100 percent fruit juices aren’t as healthy as you thought

October 15, 2015
Courtesy of Pixabay User StockSnap
Although 100 percent fruit juices like apple juice and orange juice might seem healthy, looks can be deceiving. [Image Credit: Pixabay User StockSnap]

Apples are the favorite fruit of America’s children, according to a new study. But even though apples are the most popular fruit, it is not the most popular source of fruit.

Fruit juices actually account for 34 percent of total fruit intake, while whole apples only make up 20 percent. And even though apples are the more popular fruit, citrus juices (especially orange juice) are more popular than apple juice, contributing about 15 percent of total fruit consumption. Apple juice is responsible for just 9 percent. Younger children consumed more juices than older children.

Despite the popularity of fruit juices, they aren’t a substitute for the real thing. Even the 100 percent fruit juices used in the study, which are made solely from the juice of natural fruits and have no added sweeteners or preservatives, pose a potential health risk. There’s no sugar added, but 100 percent fruit juices are high in natural sugar. And they don’t have any of the fiber whole fruit provides. The fiber in fruit is what makes it so filling, and so healthy. Without the fiber and only the sugar found in whole fruit, fruit juices aren’t actually that healthy.

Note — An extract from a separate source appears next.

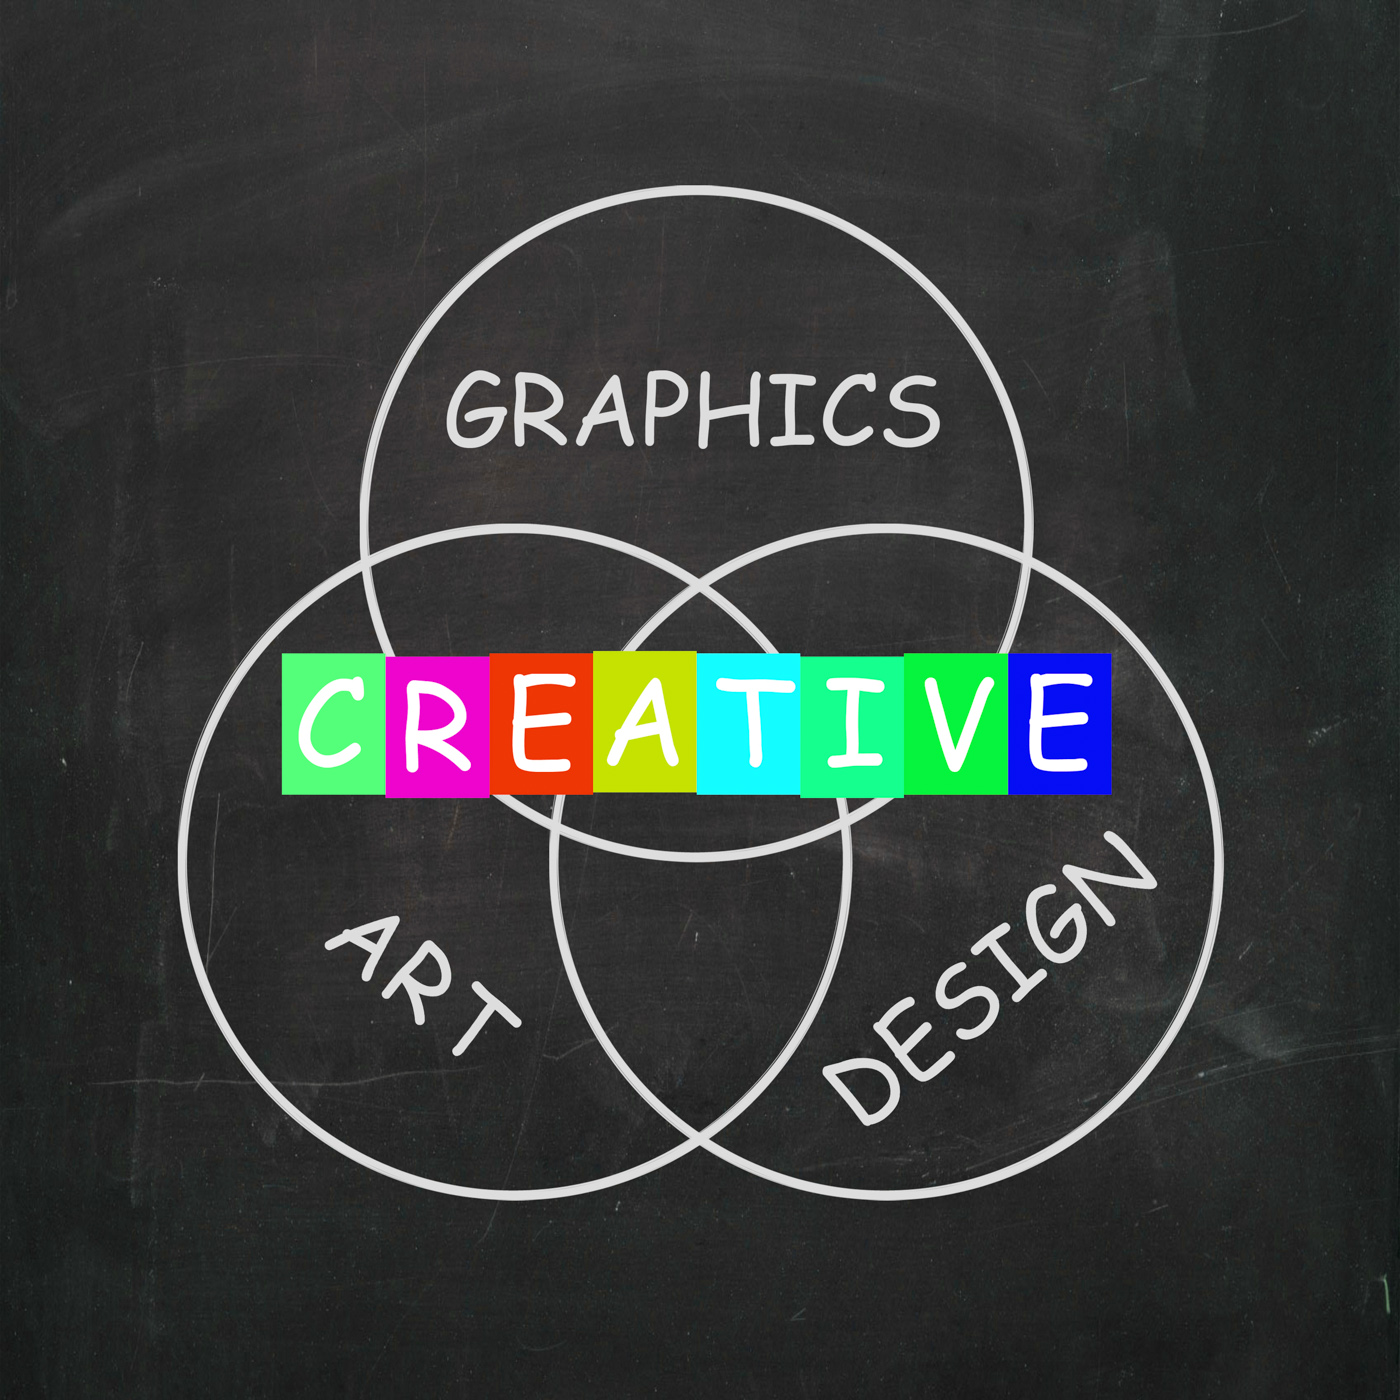 Creative choices refer to graphics art design and creativity photo

Parents trying to set a healthy example for their children should swap the apple juice out of their child’s lunch and replace it with a piece of fruit — and a water bottle if they need something to drink. Another option is making “homemade juice” by putting whole fruit into a blender — that way, you can still drink your fruit but without losing all of the benefits of fiber.

Given the obesity epidemic in America’s children, it is intriguing that consumption levels for fruit are on the rise. And previous studies do suggest that drinking fruit juice instead of eating whole fruit increases your risk of obesity. The message seems clear: Even though fruit juice comes from fruit, it’s not the same.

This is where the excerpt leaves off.